The feature is **purely additive**: builds without it are byte-for-byte unchanged, and the signatures are unconstrained (the `Send + Sync` element requirement is carried by a marker bound that is empty unless `rayon` is enabled, and is satisfied automatically by `f32` / `f64`).

### What is parallelized

Only heap-backed, runtime-sized paths with **independent, disjoint output columns** — never small fixed-size `Matrix` ops (thread dispatch would dwarf the work) and never order-sensitive reductions (which would sacrifice reproducibility):

| Area | Routines | Axis |
|---|---|---|
| `optim` | `finite_difference_jacobian_dyn_par`, `finite_difference_gradient_dyn_par` | columns = independent function evaluations |
| `imageproc` convolution | `gaussian_blur`, `box_blur`, `unsharp_mask`, `laplacian_of_gaussian`, `canny`, Harris / Shi-Tomasi corners, DoG, Gaussian pyramid | output columns |
| `imageproc` rank/median | `rank_filter`, `percentile_filter`, `median_filter` | output columns (quickselect per pixel) |
| `imageproc` geometric/stats | `resize_bilinear`, `local_mean` / `local_variance` / `local_stddev`, `adaptive_threshold` | output columns |
| `imageproc` morphology | `dilate` / `erode`, `opening` / `closing`, `max`/`min_filter`, gradient, top-hat, black-hat | output columns (horizontal pass via transpose) |

The `optim` parallel routines are **separate `_par` functions** (e.g. `finite_difference_jacobian_dyn_par`) requiring `Fn + Sync + Send`, rather than a feature-gated change to the sequential `finite_difference_jacobian_dyn` (which keeps its `FnMut` signature).
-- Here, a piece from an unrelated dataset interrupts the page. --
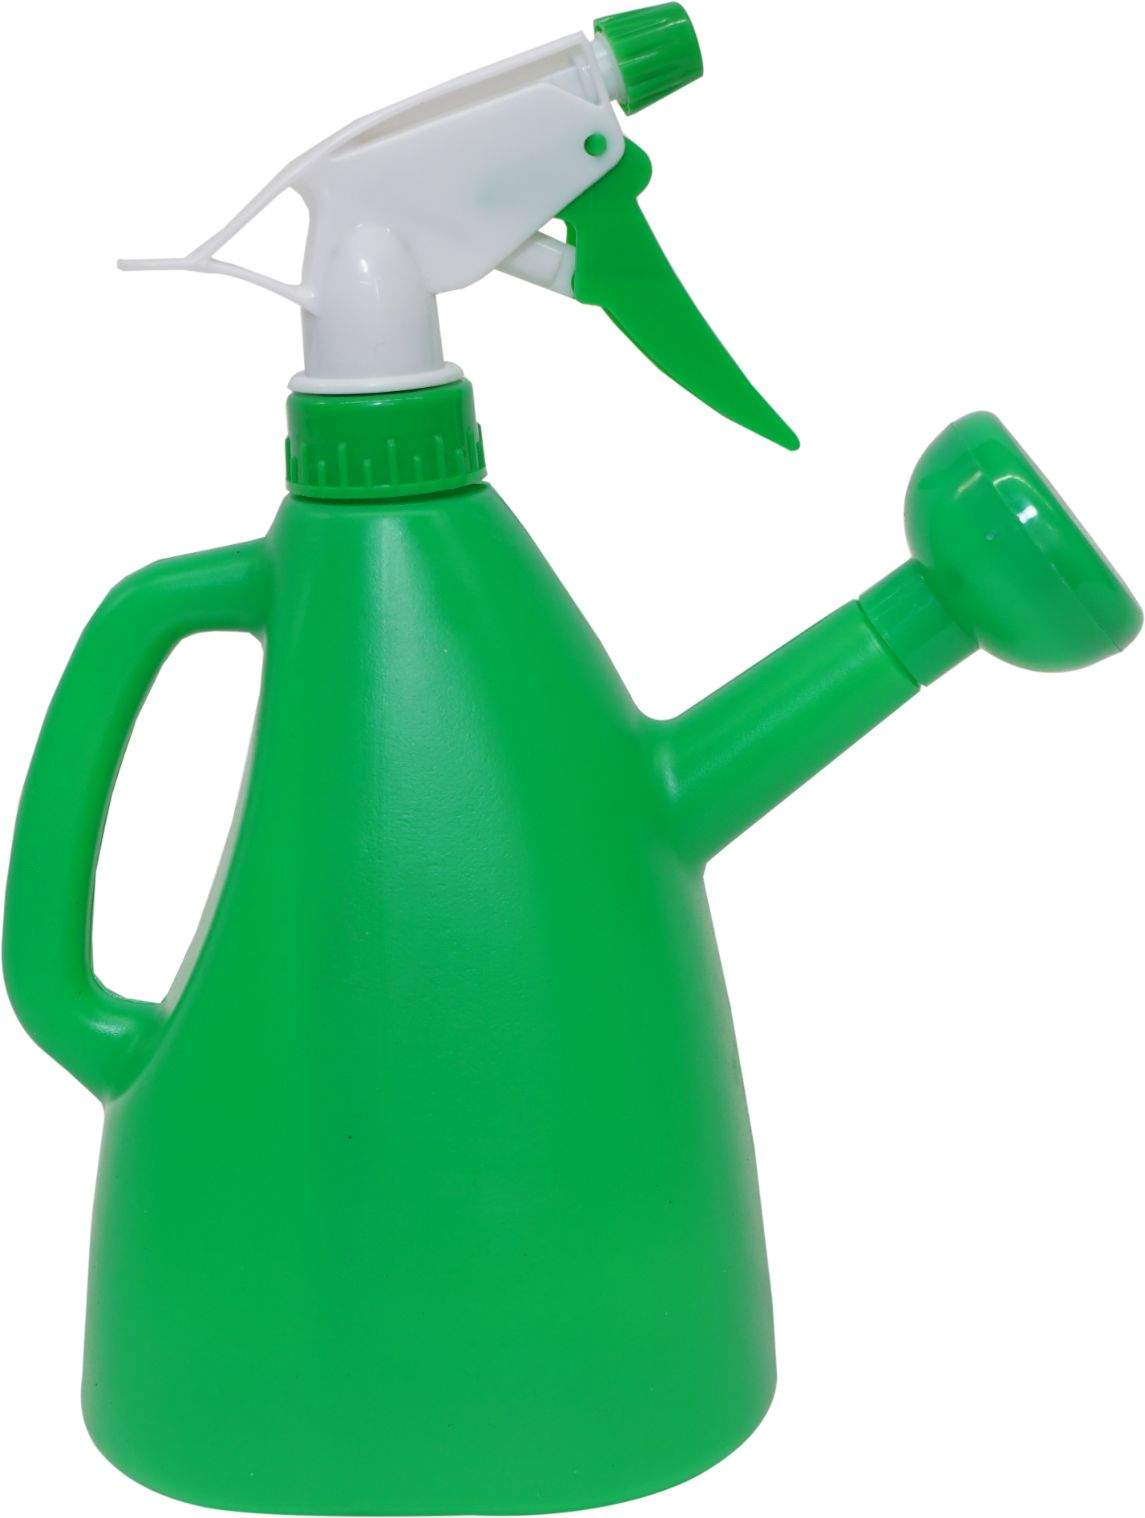 watering can / spray bottle

This keeps the feature purely additive — enabling `rayon` anywhere in a dependency tree never alters an existing signature. The `imageproc` routines take no user closure, so they parallelize in place (the element-type `Send + Sync` requirement is invisible for `f32`/`f64`).

### Determinism and gating

- **Deterministic results.** Each worker writes a disjoint slice of the output, so the result is identical regardless of thread count. (Parallel *reductions*, where summation order would change the floating-point answer, are intentionally not used.)
- **Work-aware gating.** Each routine decides whether to fan out based on *total work* (e.g. `nrows · ncols · kernel_size`), not raw column count — so a small image, or a cheap operation on a medium image, stays sequential and never pays thread-dispatch overhead. The crossover that matters is the cost of the work, not its shape.
- **Core-count aware.** The work threshold scales with `rayon::current_num_threads()`: more cores need more total work to amortize the extra coordination (and more chunks to feed), so a 2-core laptop parallelizes smaller inputs than a 64-core server. The budget constants are tuned on an 8-core reference and normalized to it, so this is a coarse machine-independent *guard* — not a per-machine optimum (the cost band around the crossover is wide). For the finite-difference Jacobian, where the dominant cost is your own `f` rather than the machine, the tuning signal is simply *which function you call* — the opt-in `_par` variant.

### Measured speedups

Apple M3 — 8 cores (4 performance + 4 efficiency), aarch64, `f64`. Rayon uses its default thread pool (all 8 logical cores), so the heterogeneous P+E cores cap practical scaling below 8×. Parallel vs. the same build with `rayon` off:

| Workload | Size | Speedup |
|---|---|---|
| Separable Gaussian blur | 512² | ~2.6× |
| Median filter (5×5) | 256² | ~3.4× |
| Median filter (3×3) | 256² | ~3.7× |
| Morphological dilation (r=3) | 1024² | ~4.1× |
| Finite-difference Jacobian | n=256, expensive `f` | ~4× |

Wins scale with total work; below each routine's gate the parallel build matches the sequential one (no regression). See `bench/` for the harnesses — each is feature-toggled (`--no-default-features` flips `rayon` off) so Criterion can diff the two baselines.